Portability | portable |
---|---|
Stability | experimental |
Maintainer | m.misamore@gmail.com |
Safe Haskell | None |
Algorithms for simplifying finite directed cubical complexes by removing corner vertices; this operation is fully faithful on path categories, as demonstrated by the author.
- cmplxCornersNaive :: CubeCmplx -> HashSet (Vertex, CubeCell)
- cmplxSpanIntCorners :: CubeCmplx -> VertSpan -> HashSet (Vertex, CubeCell)
- cmplxCorners :: CubeCmplx -> HashSet (Vertex, CubeCell)
- cmplxCornersInt :: CubeCmplx -> VertSpan -> HashSet (Vertex, CubeCell)
- cmplxReduce' :: CubeCmplx -> [VertSpan] -> [CubeCmplx]
- cmplxReduce :: CubeCmplx -> [VertSpan] -> CubeCmplx
Finding corners
cmplxCornersNaive :: CubeCmplx -> HashSet (Vertex, CubeCell)Source
Naive algorithm for finding corner vertices of a cubical complex. Works well whenever the complex has relatively few top-cells.
cmplxSpanIntCorners :: CubeCmplx -> VertSpan -> HashSet (Vertex, CubeCell)Source
Given a cubical complex and a vertex span to which it belongs, determine the set of corner vertices that belong to the interior of the span using the naive algorithm.
cmplxCorners :: CubeCmplx -> HashSet (Vertex, CubeCell)Source
Memory-efficient parallelized algorithm for determining corner vertices of any finite directed cubical complex whose vertices all have nonzero coordinates.
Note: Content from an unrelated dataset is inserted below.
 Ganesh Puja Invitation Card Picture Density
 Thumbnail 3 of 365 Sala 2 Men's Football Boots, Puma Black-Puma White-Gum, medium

cmplxCornersInt :: CubeCmplx -> VertSpan -> HashSet (Vertex, CubeCell)Source
Given a cubical complex where all vertices have nonzero coordinates, determine the set of corner vertices that belong to the interior of the given span using the parallel algorithm.
Corner removal
cmplxReduce' :: CubeCmplx -> [VertSpan] -> [CubeCmplx]Source
Given a complex whose vertices have nonzero coordinates, reduce it in parallel, optionally excluding some spans from the set of corner vertices. Return the intermediate complexes in a list.
cmplxReduce :: CubeCmplx -> [VertSpan] -> CubeCmplxSource
Given a complex whose vertices have nonzero coordinates, reduce it in parallel, optionally excluding some spans from the set of corner vertices.